Ich freue mich, Sie auf meiner Homepage begrüssen zu dürfen. Auf dieser Seite finden Sie vieles rund um meine Person. Haben Sie Fragen oder Anregungen, so benutzen Sie doch das Kontaktformular.

 

 
 

 

Der Tägi Tri gilt als Einstiegstriathlon für die einen oder als Saisonabschluss für die anderen. Für mich war es der Einstieg in eine neue Welt, der Welt vom Schwimmen, Rennvelo und Laufen.
Nach der längeren Sommerpause habe ich vor gut 5 Wochen wieder mit dem Training begonnen. Mein Ziel war es, fit für den Triathlon zu sein, die Zeit ist mir zweitrangig, der Spass vordergründig. Usprünglich wollte ich die Langdistanz absolvieren. Doch nach einem spontanen Duathlon vor 3 Wochen war mir klar, dass die Kurzdistanz auch reicht (ich war am Oberaargauer Triathlon, für die 4.8km Laufen, 18.3km Velo und 4.7km Laufen benötigte ich 1:20:18 und war dafür ziemlich erschöpft).
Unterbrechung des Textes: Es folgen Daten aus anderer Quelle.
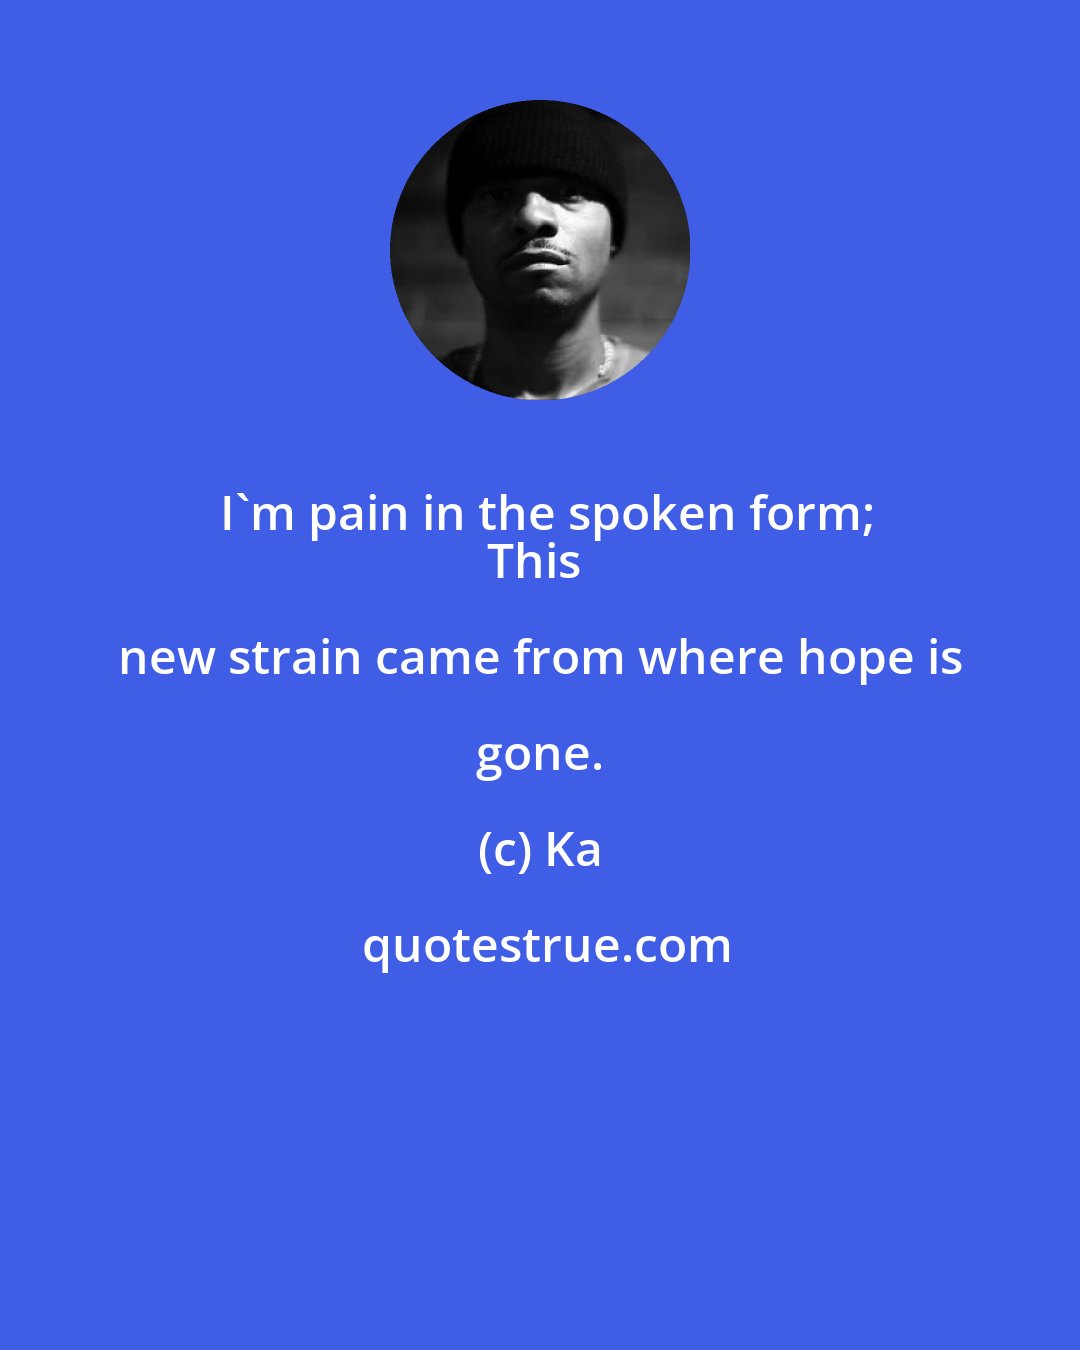 Ka: I'm pain in the spoken form;
This new strain came from where hope is gone.

Der Fokus im Training lag vorallem beim Velofahren und Laufen, für das Schwimmen reichte die Zeit oft nicht.
 
Als ich am Sonntag um 10:00 im Schwimmbecken in Wettingen war, war mir noch gar nicht ganz bewusst, auf was ich mich eingelassen habe. Nach dem Startschuss reihte ich mich ziemlich bald hinten ein. Ich stellte fest, dass Brustschwimmer mich beim crawlen überholten. Das war der Zeitpunkt, wo auch ich zum Brustschwimmen wechselte. Dass Schwimmen nicht meine beste Disziplin ist, haben wohl auch die Zuschauer am Beckenrand bemerkt. Es waren zwar nur 500m, diese erschienen mir aber unendlich lang. Vom Gefühl her ging ich als einer der letzten aus dem Becken. Mit dem Wechsel zum Rennvelo brauchte ich sage und schreibe 14:34. Doch dann gings los. Auf dem Renner fühlte ich mich ziemlich fit, fand rasch meinen Rhythmus und konnte zu Beginn gleich das Feld von hinten etwas aufrollen. Die etwas mehr als 15km waren eher flach. Ich konnte ziemlich Gas geben, es machte Spass. Mit einerm 32er Schnitt (nicht top, aber für mich im Moment okay) hatte ich 29:01 für die Velostrecke. Es ging dann direkt weiter zum Laufen. Dabei konnte ich auf der leicht coupierten Strecke nochmals den einen oder anderen Triathlet überholen und beendete die 3.8km mit 17:22. Im ganzen benötigte ich 1:00:57. Bin ziemlich zufrieden und war überwältigt vom Gefühl, den ersten Triathlon soeben beendet zu haben.
 
Ich finde, das Schwierige am Triathlon ist, dass man drei Disziplinen trainieren muss. Es reicht nicht, in zwei sehr gut zu sein und eine Disziplin zu vernachlässigen. Besonders mir als Schwimm-Anfänger fällt das Schwimmen nicht immer ganz leicht. Da darf ich noch etwas üben. Doch die schöne Seite am Triathlon sind genau diese drei Disziplinen. Jede geht vorbei. Jede hat seine eigenen Regeln. Beim Schwimmen freue ich mich zumindest die ganze Zeit auf das Rennvelo. Und beim Rennvelo denkt man sich, cool, ich bin schon an der zweiten Disziplin, bald kommt noch das Laufen. Und das Laufen ist auch bald vorbei. Obwohl der gesamte Wettkampf bei mir gut eine Stunde gedauert hat, ist es vom Gefühl her viel schneller vorbei. Tolles Gefühl.